NBP’s lease could generate steady revenue for BuCor modernization

Bureau of Corrections (BuCor) Director General Gregorio Pio Catapang said the New Bilibid Prison (NBP) site will be transformed into a mixed-use property that could generate steady revenue to support the Bureau’s ongoing development and modernization plan.

Catapang made this remark as BuCor hosted a market-sounding summit at The Somerset in Alabang, Muntinlupa City, where the bureau unveiled plans to unlock its vast assets in preparation for the NBP’s closure by 2028.

He said the summit focused on the 160-hectare portion of the NBP property available for purely commercial leasing arrangements, and an additional 106 hectares slated for Public-Private Partnership (PPP) or Joint Venture (JV) agreements.

Catapang said while portions of the property will be leased, none of the NBP’s assets will be sold, maintaining government ownership throughout.

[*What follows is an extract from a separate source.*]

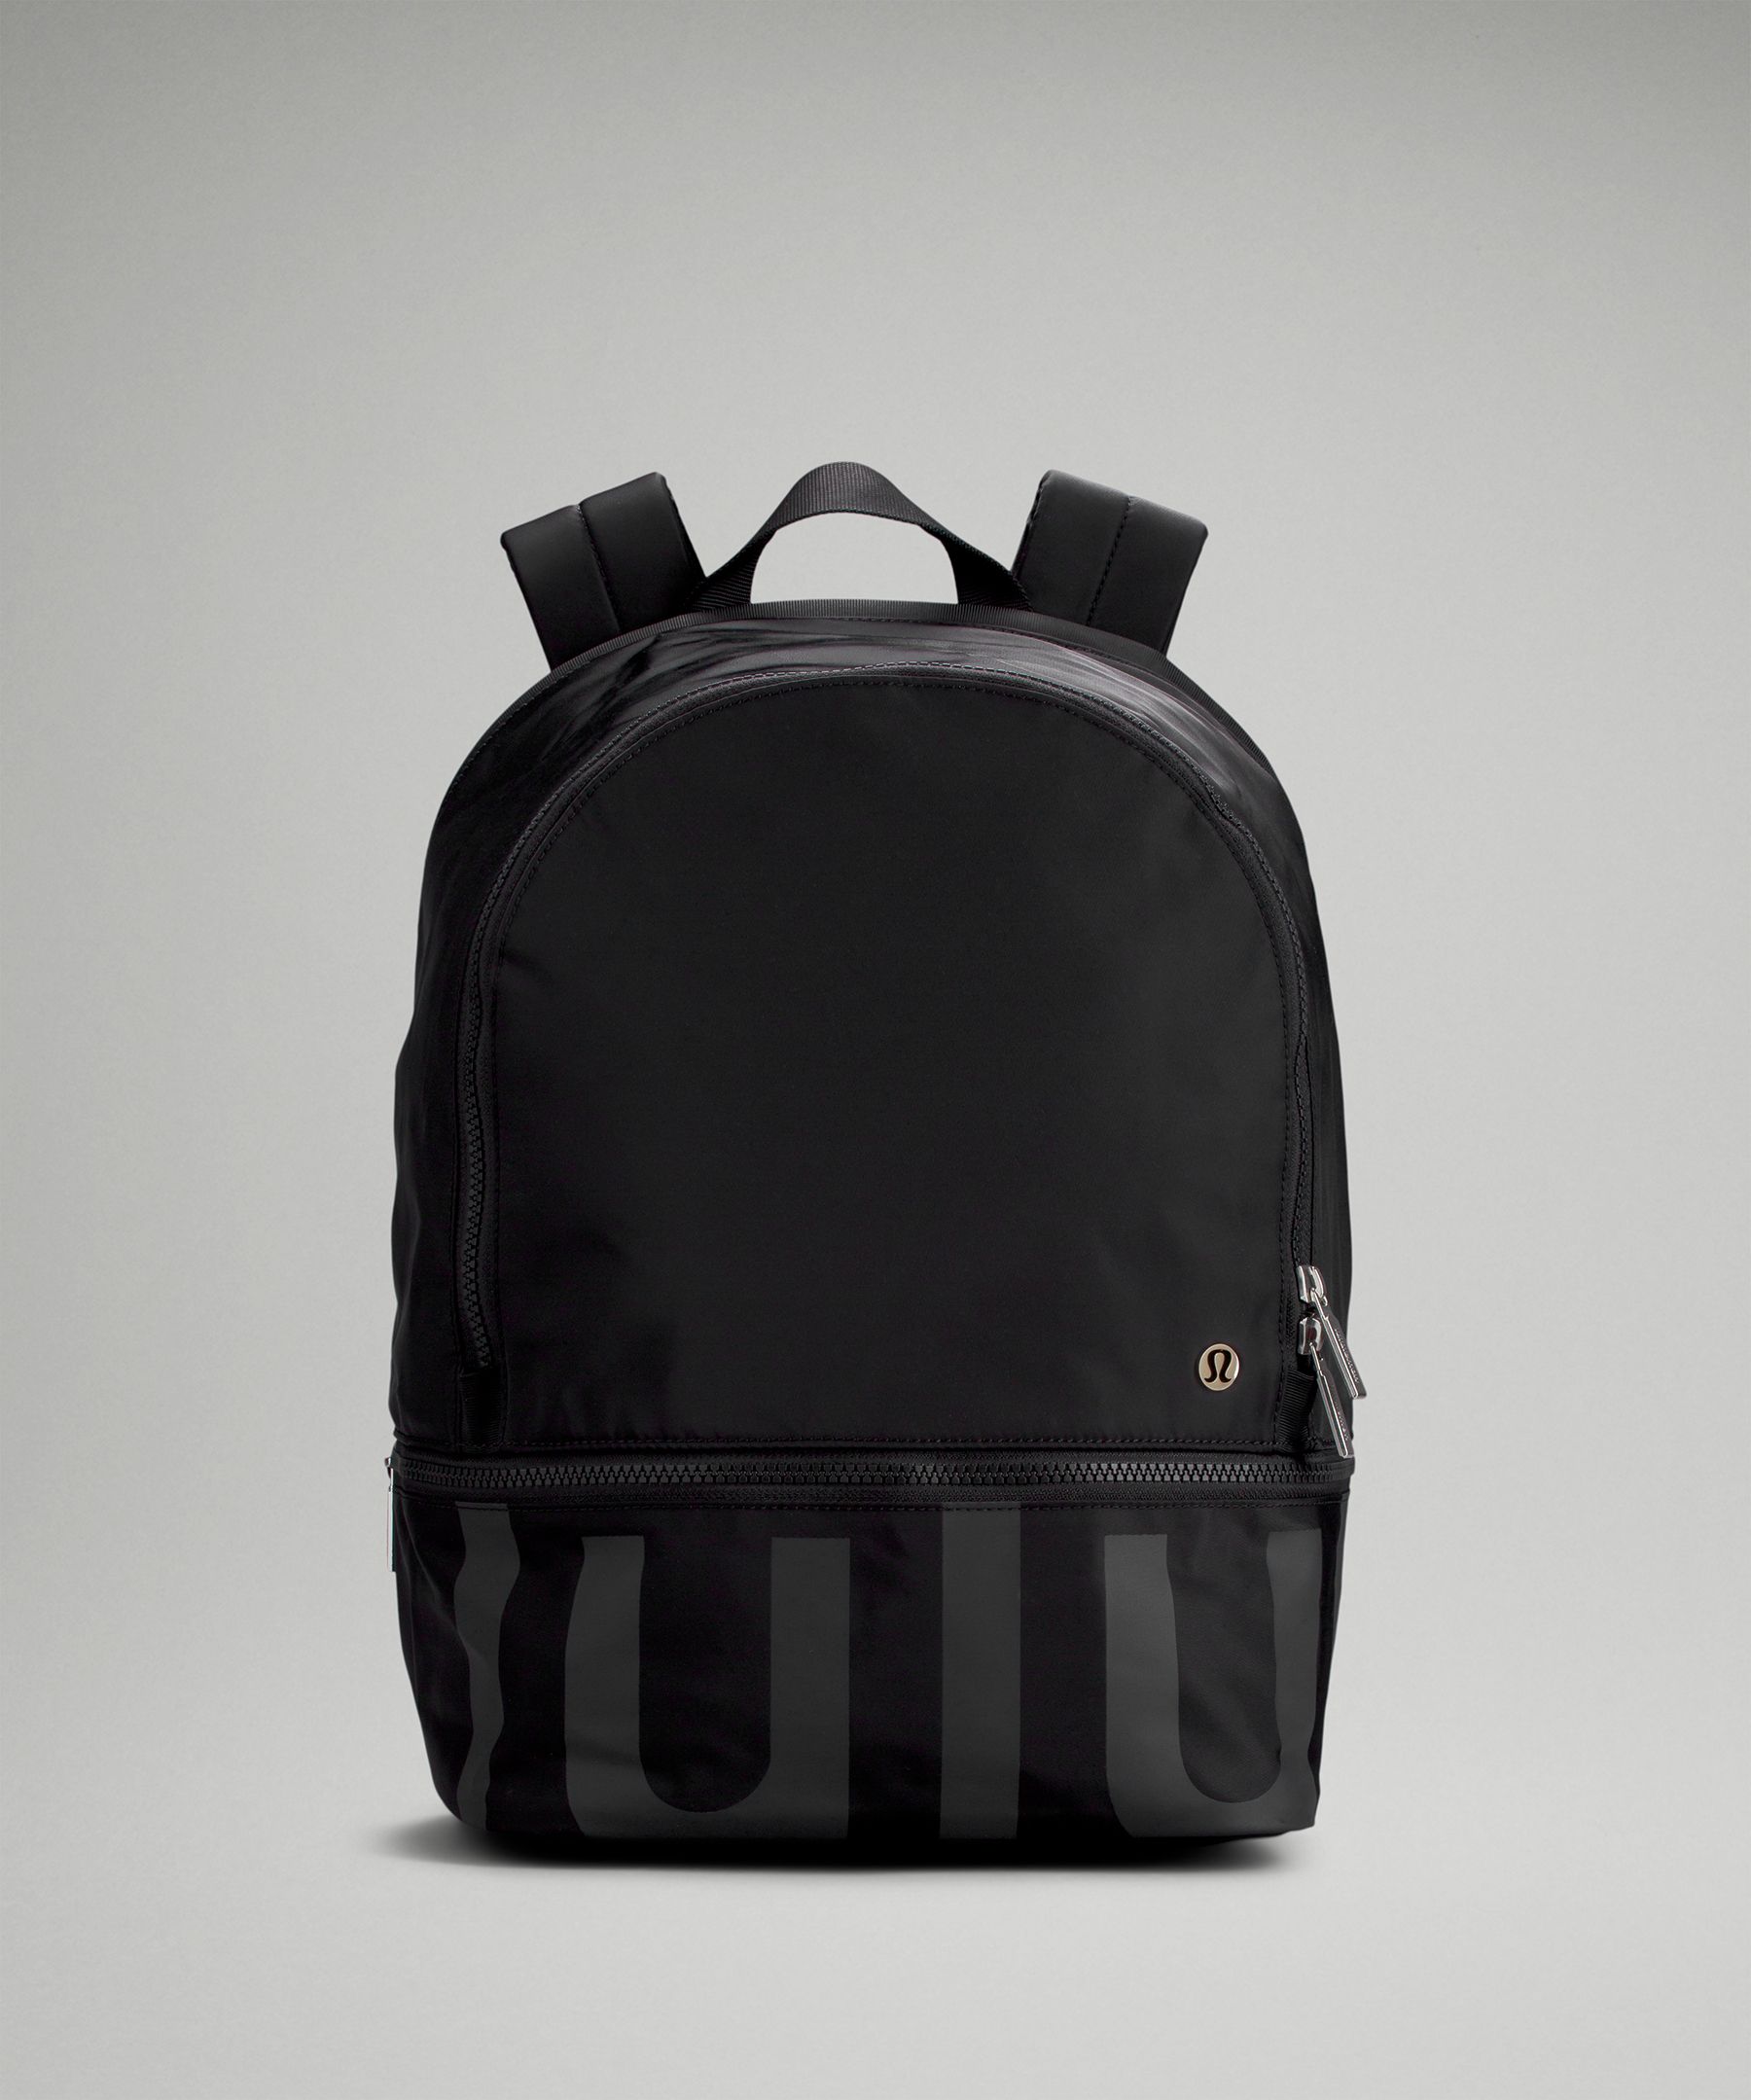 Lululemon City Adventurer Backpack 20l In Black/graphite Grey | ModeSens

He said lease rates are projected between P65 and P100 per square meter per month, inclusive of VAT, with annual lease revenues from the 160-hectare commercial area ranging from approximately P1.25 billion to P1.92 billion.

The arrangement will be structured as a commercialized long-term lease, with all improvements to the property remaining the sole property of BuCor, ensuring no divestment of government assets.

The initial contract duration is proposed at 50 years, with options to renew for an additional 20 to 49 years.